“My soul glorifies the Lord and my spirit rejoices in God my Savior… His mercy extends to those who fear him, from generation to generation. He has performed mighty deeds with his arm.” (Luke 1:46-51)
Why would you give thanks? King David considered giving thanks because he was now ‘settled in his palace and the LORD had given him rest from all his enemies’ (2Sam 7). Mary gave thanks because he saw in the events around her and Elizabeth that God’s ‘mercy extends to those who fear him, from generation to generation’. On this last day of the year, it is a good think to look back and count your blessings, and find reason to give thanks to the Lord. Attitude matters: there are plenty of reasons to complain – you can find a thousand reasons to complain about your job, your family or neighbours, the government, or even to complain about God; but this comes down to attitude, and complaining only makes you sick. Gratitude instead breathes new health into your life, and there are plenty of reasons – real reasons to give thanks.

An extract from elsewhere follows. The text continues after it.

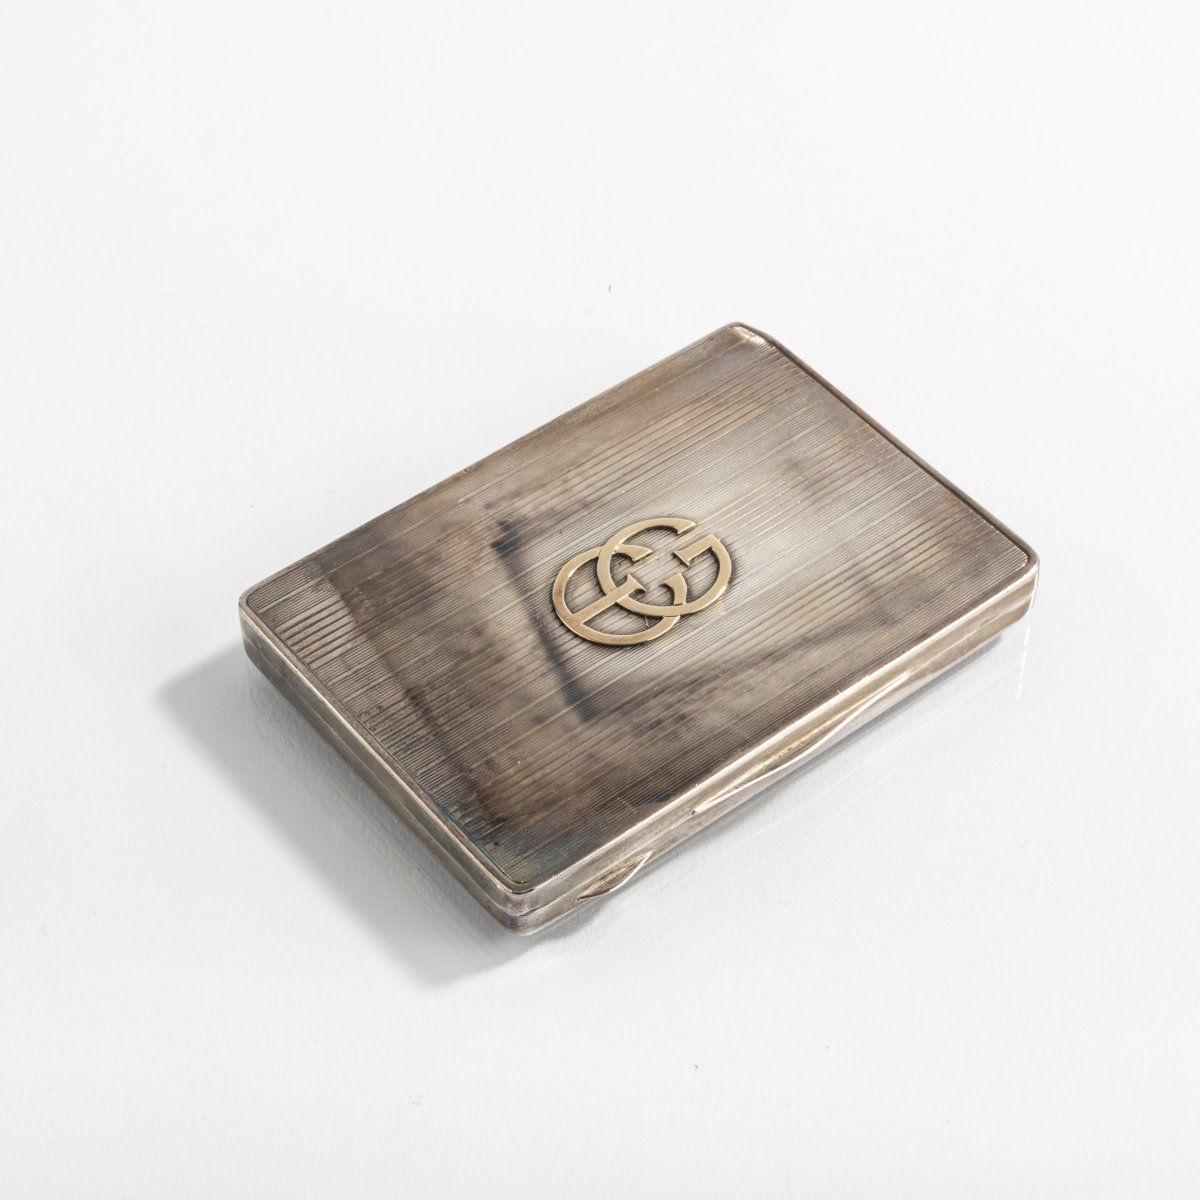 Null 法国，香烟盒，20世纪20年代，银制，镀金。88克。60 x 85 x 10 毫米。签名：检查标记（浮雕）。来自一个王公贵族的房子。

As you reflect on your own life, the examples of Mary and David are intriguing. Mary’s encounter with the angel was a great one, and in itself had wonderful promises and privileges – of mothering the Messiah! But when you think about it some more, Mary’s relationship with Joseph was in great danger, and her reputation in society was not only going to go down, but she actually risked being stoned to death for infidelity! I wonder how long it took between Joseph’s discovering Mary was pregnant and the time an Angel counseled him to go ahead with the relationship – whether it took days or weeks or even months, it must have been deeply troubling on both sides. All this was reality in Mary’s life, yet she was still able to sing a thanksgiving psalm that we still sing today. Some blessings may come with apparent danger, but you are encouraged to trust God and give thanks.
And as for David, it is his method of giving thanks that beats every mind that bothers to think about it. Even God was embarrassed and taken by surprise! He had to come and express his shock to the prophet Nathan in a long speech: How can David build for me a House, yet my last building instructions were for a mere Tent? I interpret what David conceived in his heart to have been so large an offering that God could not remain silent about his embarrassment. In human terms such expressions would be accompanied with tears of joy and a breaking voice in shock of a large gift brought by an unsuspecting friend. God quickly delivered profuse blessings even before the offering was delivered; this part of the blessing would even outlive David: ‘Your house and your kingdom will endure forever before me; your throne will be established forever.’ All these highlight that it is a good and noble thing to give thanks, and to give thanks intentionally with a selfless gift.